Guilt and shame, he said, are powerful deterrents.
"I felt guilty [having a car] until I had one for a couple of years, and then the guilt wore off," John said. "The last one I had was a '64 T-bird. It was a nice car."
John's wife said she was "tempted by music." John's temptation was watching westerns on television.
Even among the Amish, there is powerful peer pressure. John calls it "Keeping up with the Joneses."
"Somebody builds a house, nice big house. OK, then, the next guy has to have a bigger house," he said. "One person gets a new buggy. So, you have to have one, too. That's envious."
Beheaded for Their Beliefs
The Amish trace their roots back to the Protestant Reformation and the Anabaptist movement in the early 16th century. The Anabaptists emphasize voluntary adult baptism. They are baptized once as a child and then again as an adult -- choosing to be baptized a second time is central to their beliefs. The Amish believe only adults can make informed decisions about their own salvation.
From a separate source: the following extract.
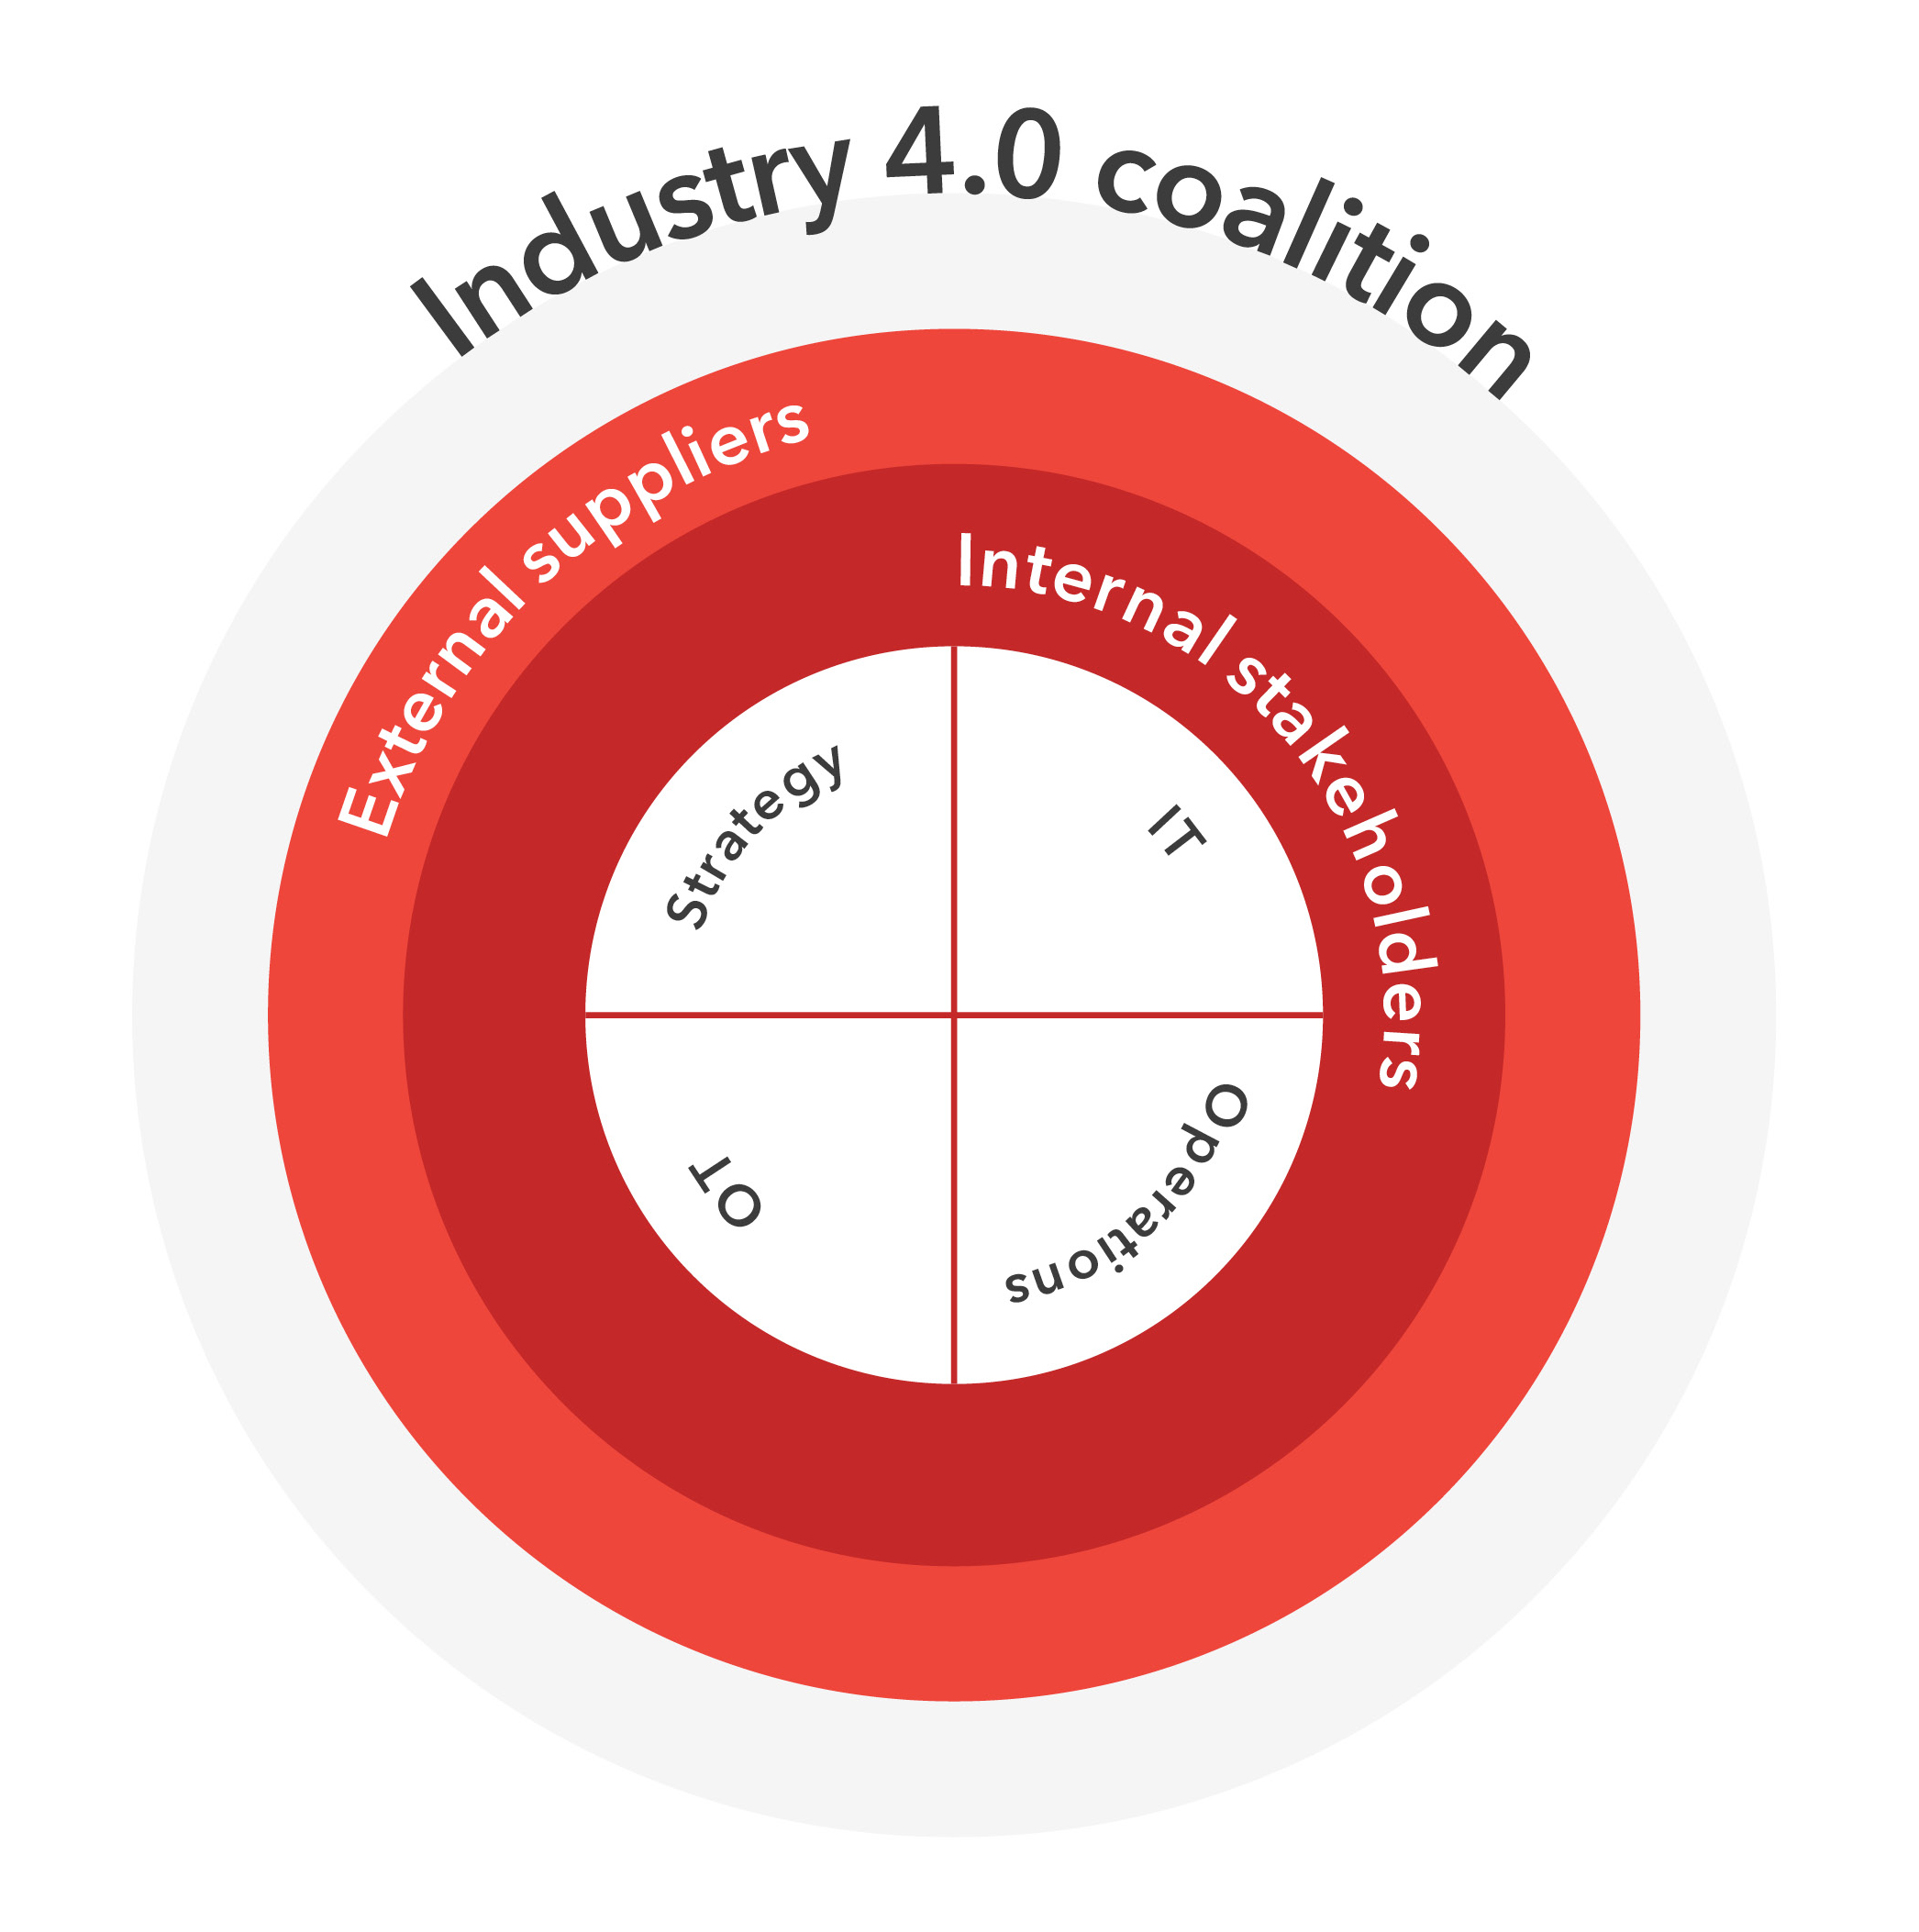 industry 4 0 roadmap fig 1

After being persecuted for hundreds of years in Europe, the Amish came to America in hopes of freely practicing their faith, John explained.
"People started reading the New Testament more, they found out or they came to the conclusion that it doesn't do you any good to be baptized as an infant," he said. "You have to be baptized as an adult, after you know the difference between right and wrong. And then you have to be baptized through a confession of faith through Christ.
"But, to be baptized as an adult, now you were baptized twice and that was against the law. So, these people were put in prison, they were burned at the stake, they were beheaded," he said. "They wanted to eliminate them."
Today, in North America, there are several different groups that bear the Amish name. Each subset of the culture abides by different rules and regulations.
For example, more liberal populations use battery-powered light sources in their homes and reflection triangles, rubber wheels and sliding curtains on their buggies, while conservative communities strictly adhere to kerosene lanterns for light.
John told ABC News that the tell-tale sign of an Amish person is their horse and carriage.
"Once you lose your buggy, you're no longer Amish," he said.